When you first sign up for auto insurance, part of that insurance will be specifically dedicated to covering medical costs. This insurance extension, called Personal Injury Protection (PIP) is required of every car insurance policy. In addition to covering medical costs, PIP may also sometimes cover lost wages and additional damages. PIP, also known as “No-Fault Insurance,” offers a minimum payment of $3,000 for medical bill costs for every person that is injured in the accident, regardless of who caused the accident. Even though this is the minimum amount required, in most cases it is also the maximum that insurance companies offer. If you did not cause the accident, you don’t have to worry about this causing your insurance premium to increase. You also do not have to worry about paying the $3,000 back to the insurance company because they will be reimbursed by the at-fault driver’s insurance.

What if My PIP Coverage Isn’t Enough?

Oftentimes the $3,000 covered under Personal Injury Protection is not enough pay for the total medical bill costs. The total medical bill can also be unknown for a while after the accident due to lingering injuries or injuries that are discovered later. Insurance companies understand this and will immediately offer a fixed amount to settle. This settlement offer is often under the amount that is adequately needed to address your medical costs. Do not take this settlement until you have consulted with an attorney! If you and your lawyer decide to open a legal case, you have other options available to you to help pay for your medical costs until the case settles.

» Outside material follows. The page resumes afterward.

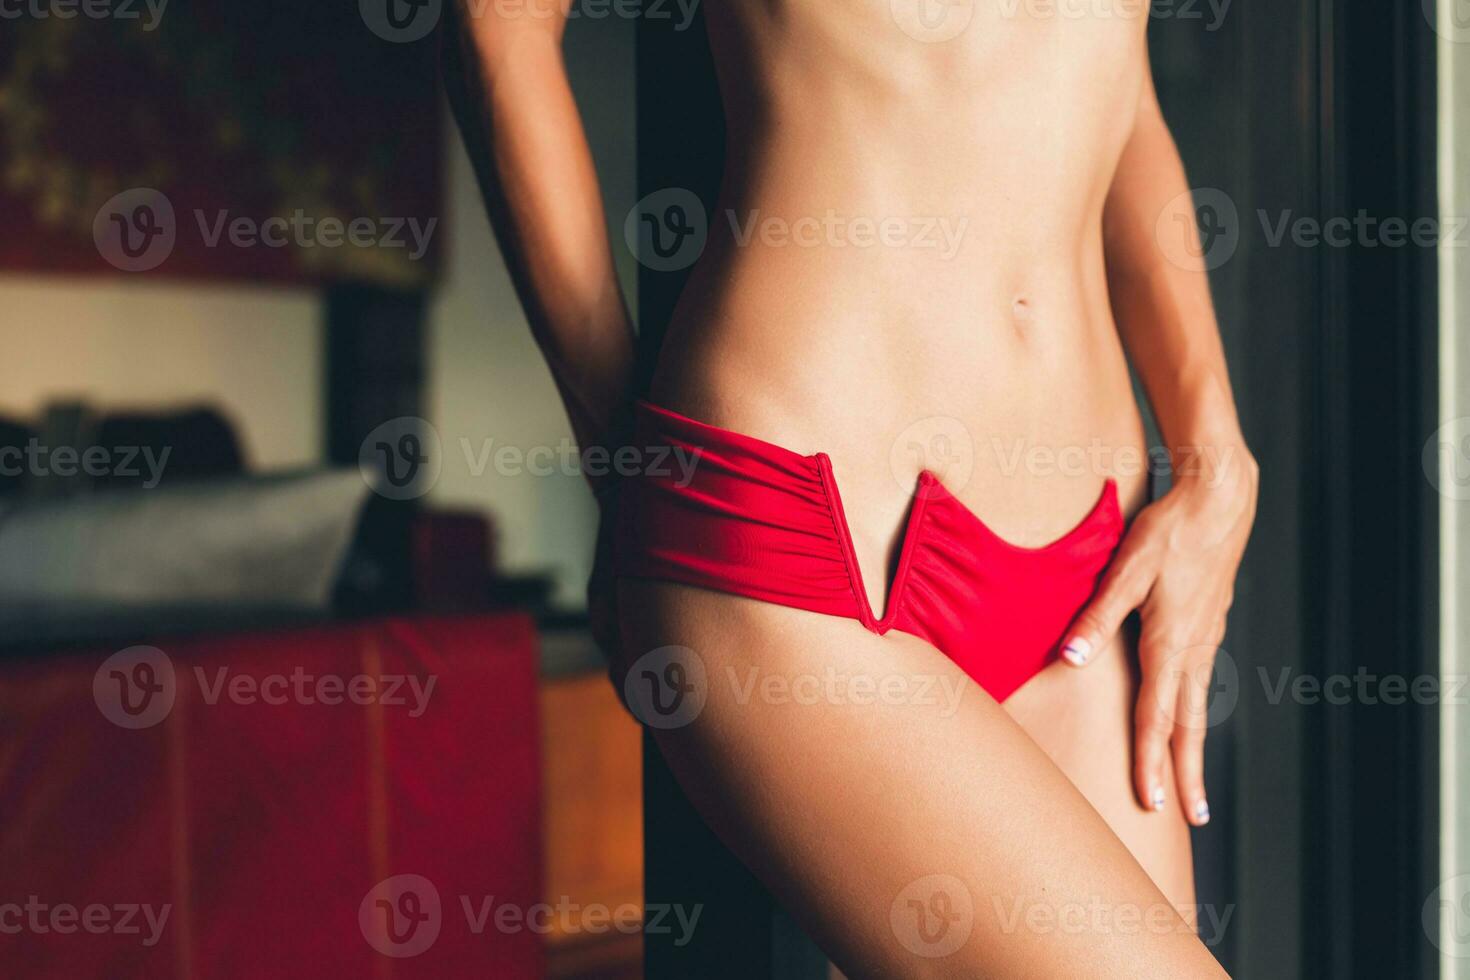 jong vrouw met mooi slank lichaam vervelend rood bikini zwempak foto

Option 1: Health Insurance

Your first option is to go to your health insurance plan. Your medical provider can forward the bills directly to the health insurance company to avoid them being sent to a collection company. Be aware that you may have to pay co-pays or deductibles up front depending on your insurance. When the case settles, however, you will be reimbursed for those payments with the money from your settlement.

Option 2: Set Up a Lien

This option is available to you when you hire an attorney to help you after you have been in an accident. In this case a lien, or agreement, is made between you, your medical provider and your attorney. It ensures that you do not have to complete your medical payments until after the case has been settled. The attorney agrees to pay the medical provider before you receive any settlement funds and you agree to pay the balance of the bills regardless of the outcome of the case. Not all medical providers accept liens, but if they do, this is a nice option because it buys you time and gives you a better idea of the extent of your injuries and the amount that needs to be paid to help you recover from those injuries.

Option 3: Pay Up Front

A third option is to pay for your medical expenses up front with cash or through monthly installments. Obviously this option is not available to everyone. The benefit of being able to do this is that it potentially allows you a discount (depending on the medical provider and their policy) and it also keeps the account current so you do not have to worry about the bills being left unpaid. Unpaid accounts that are sent to a collections agency will negatively affect your credit and give you a bigger headache than you already have.

Option 4: Let it Go

If none of the aforementioned options are available to you, your last resort may be just to let the payments go unpaid and subsequently sent to collections. Once they are sent to collections, you may have the chance to set up a lien with the collection company (although many collection companies do not offer this option, some do). If the collection company does offer to arrange a lien with you, it will likely still record the overdue payment and your credit report will still be negatively affected.

Moral of the Story: Plan in Advance

It is important to be thinking about this question now. If available to you, it is recommended that you get an insurance plan that you are comfortable with and that gives you ample coverage and protection in case you are injured in an accident and the money runs out. Whatever you do, after you have been in an accident, be sure to 1.) take the time to get a complete and thorough medical diagnosis of your injuries, 2.) do not accept the initial settlement from the at-fault insurance company, and 3.) consider consulting a personal injury attorney!